Мне было всего 22 года, и это событие стало особенно важным. Представлять Большой театр - очень ответственно.
- Сейчас Вы станцевали весь главный балетный репертуар, в последних сезонах заняты во всех премьерах. Участие в проекте канала «Культура» «Большой балет» - 2012 сыграло на популярность?
Поверьте, никогда не гнался за популярностью, поклонниками, фотографиями в газетах и журналах. «Большой балет» помог приобрести опыт работы с камерами. На сцене мы увеличиваем посыл движений, усиливаем эмоции.
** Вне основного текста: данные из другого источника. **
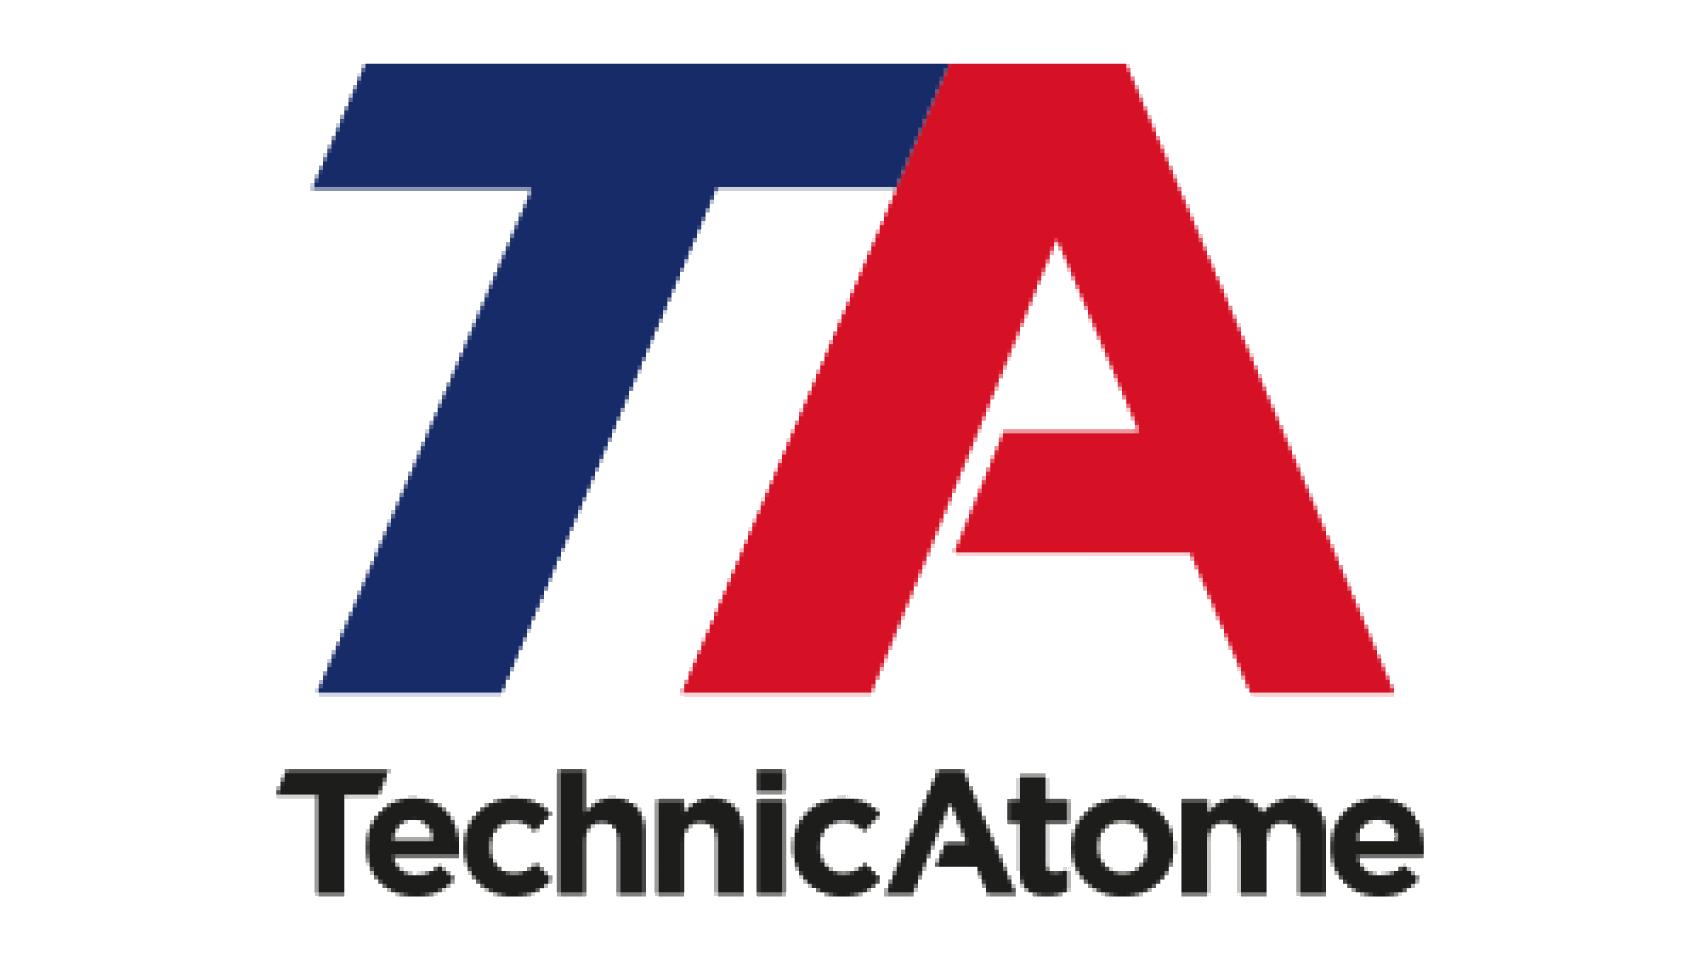 Technicatome

А на объектив камеры нужно подчас играть на полутонах и в мимике, и в движениях - достоверно, как в кино. На проекте я почувствовал эту грань. Что-то потом пригодилось в камерных психологических балетах. Например, в «Даме с камелиями».
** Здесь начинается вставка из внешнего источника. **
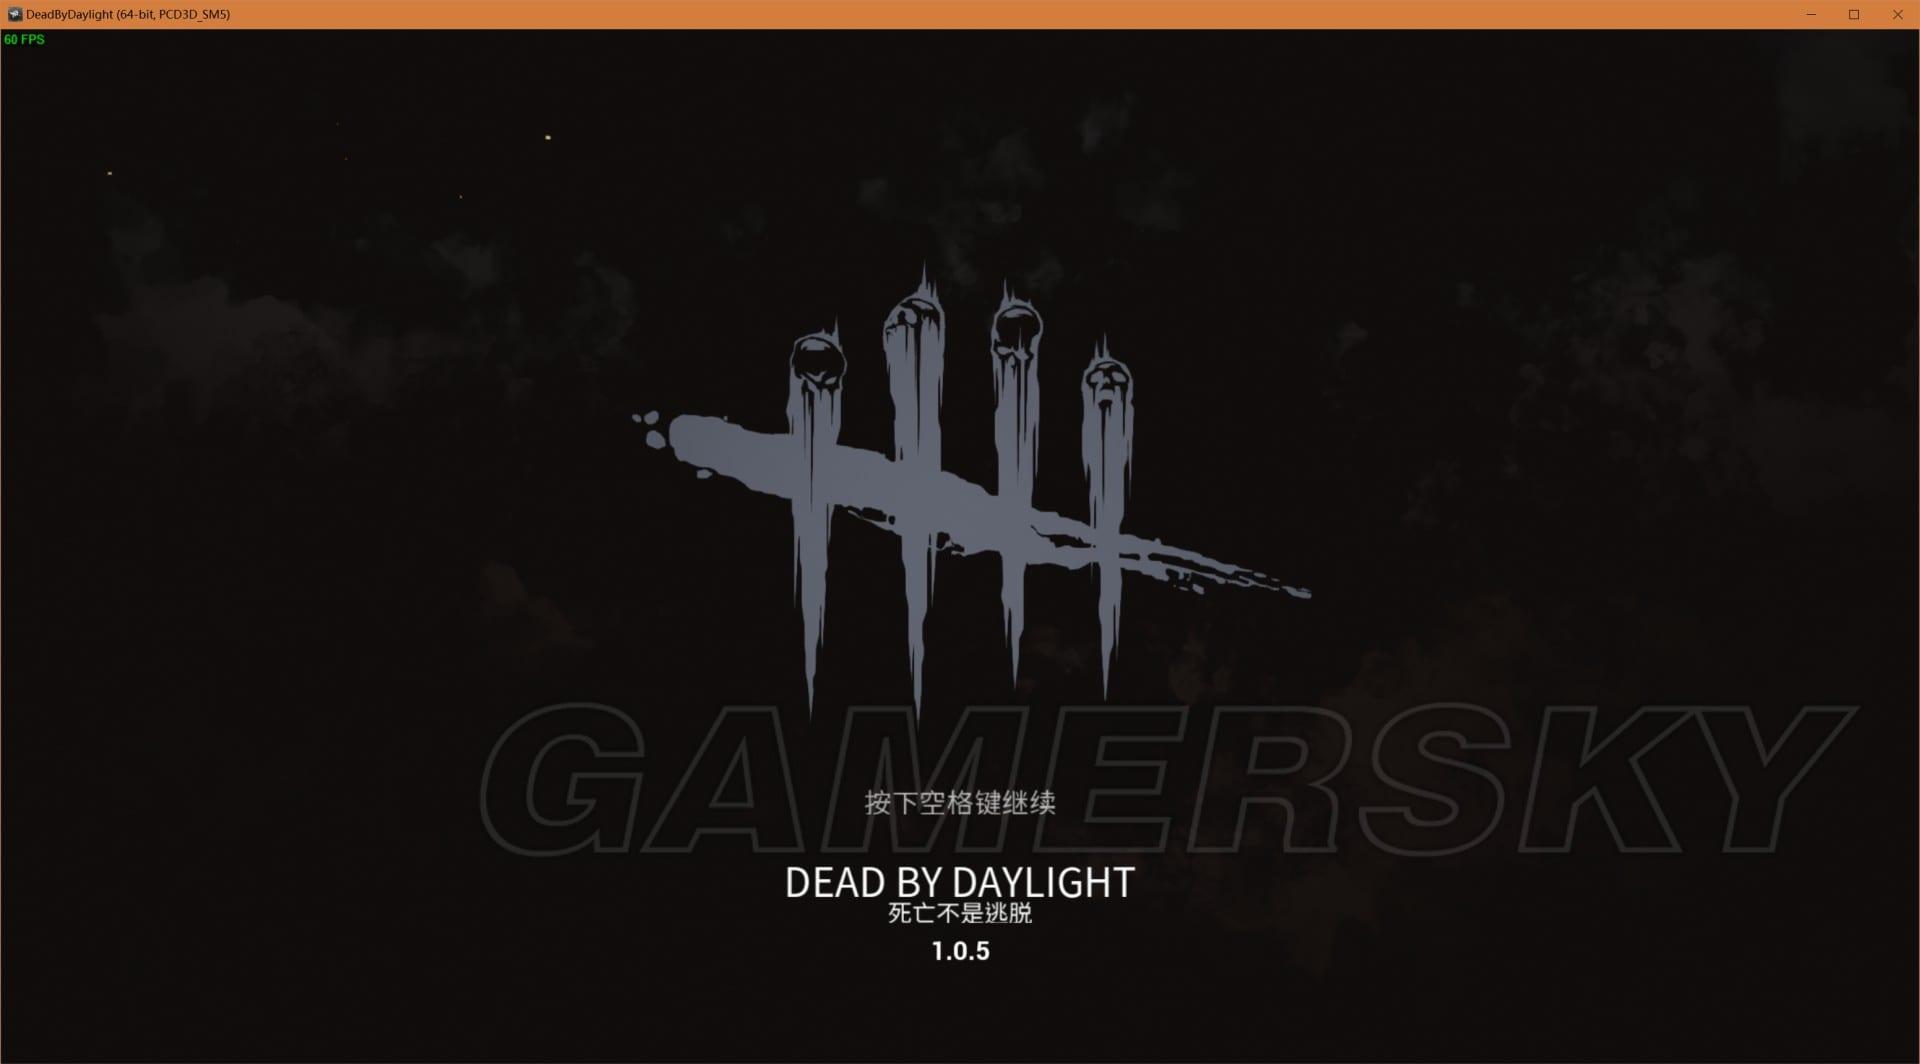 黎明死線 Dead by Daylight 新手上手基礎圖文教學 安裝與角色圖文介紹

- А на недавней трансляции «Укрощения строптивой» танцевали для публики Большого театра или думали о зрителях далеких стран?
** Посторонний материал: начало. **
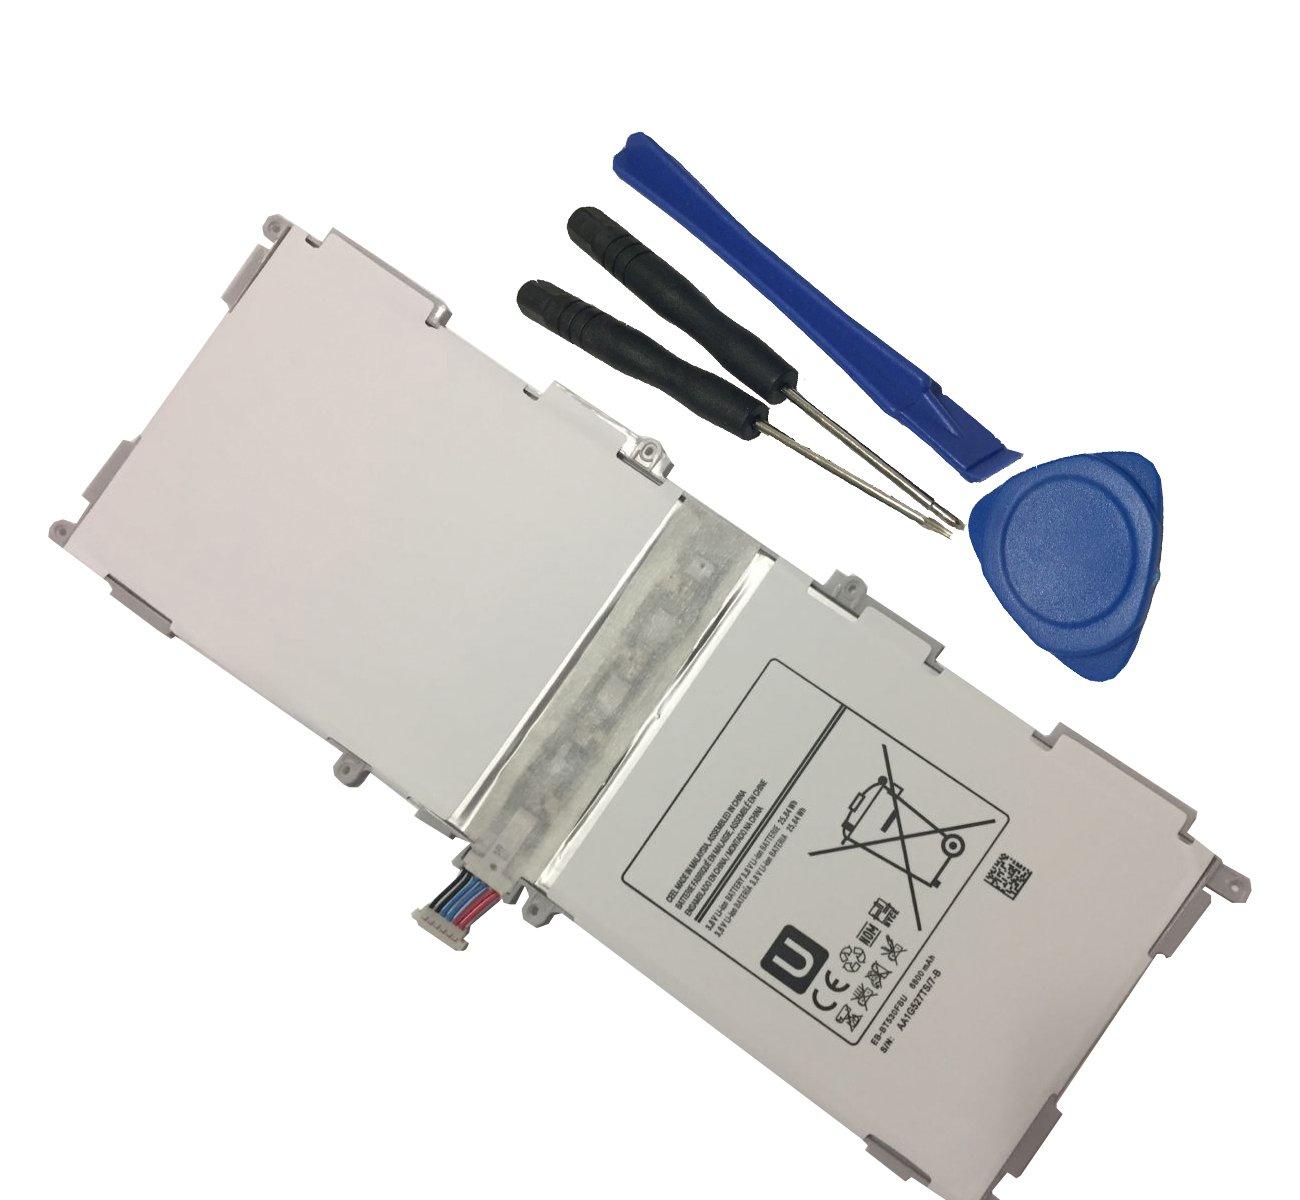 Bateria para Samsung Galaxy Tab 4 10.1 SM-T530 SM-T530NU

Нам повезло. Спектакль шел блоком, и первое из представлений сняли. Жан-Кристоф Майо показывал нам запись и четко расставлял акценты. Он уже знал, где крупные планы, где - общие. Он единственный хореограф, который приехал готовить трансляцию.
- Вообще, нужны ли трансляции?
Конечно. Они популяризируют балет. Много людей - американцы, европейцы, японцы - обсуждали показы в соцсетях, выкладывали фотографии переполненных залов кинотеатров, благодарили, просили повторить. Очень приятно получать такие отклики.
- Успех в карьере часто меняет поведение: артист уже позволяет себе пропускать класс, появляются высокомерие, безапелляционные заявления. Не боитесь звездной болезни?
Я не конфликтный человек, не умею агрессивно высказываться, что-либо требовать. По-прежнему много работаю. В нашем деле важно не останавливаться на достигнутом и не терять головы. Если поймешь, что многого достиг и заслужил поблажки, дальше дороги нет.
- Класс, репетиции, спектакли оставляют время на досуг и увлечения?
Все, конечно, сосредоточено на театре. Артист балета предан своему делу везде и всегда. Сейчас в Большом очень много ярких событий, им надо соответствовать.
Нужно быстро себя наполнять какими-то новыми эмоциями. Ищем их в драматических спектаклях, в кино, на выставках. Искусство дарит сильные впечатления, настраивает на новый день, на новую работу. Стараюсь успевать.
- Назначение Махарбека Вазиева директором балета сильно взбудоражило артистов?
Труппа в ожидании. Мы знаем, что он человек профессиональный, в работе - сильный и принципиальный. Мне кажется, именно это необходимо сейчас труппе Большого. Верю, с приходом Вазиева будет связан качественный взлет. Так было в Мариинке, где он руководил балетом.
- Какие работы впереди? Если не секрет, зачем Вы ездили в Гаагу?
Следующая премьера - «Вечер современной хореографии», и мы, группа артистов, репетировали там одноактный балет Соль Леон и Пола Лайтфута «Совсем недолго вместе». Скоро хореографы приедут в Большой, и работа продолжится. Пока мы учили порядок движений, для нас непривычный.
- О чем спектакль?
Мне показалось, что это про жизнь Соль Леон. Личная история - видеоряд представляет ее родителей, дочь. Мы понимаем, что для нее все это очень дорого и балет - ее любимое дитя. У меня интересная партия: там и любовь, и смерть. Пол и Соль точно знают, чего хотят от артистов, говорят конкретно и добиваются качества.
Для нас, русских танцовщиков, современная хореография сложна. Чтобы ее освоить, нужны силы и время. После репетиций в Гааге я свое тело почувствовал по-другому, в работу включились мышцы, до которых классика не добиралась. Хотя классика для меня - главное в профессии.
- Но классических премьер в ближайшее время не предвидится...
Театру предстоит любопытная работа с Вячеславом Самодуровым над балетом «Ундина». Необычный, стильный, танцевальный сюжет. Пока не знаю, буду ли в нем занят, но для театра - это новый балет, новая строка в истории.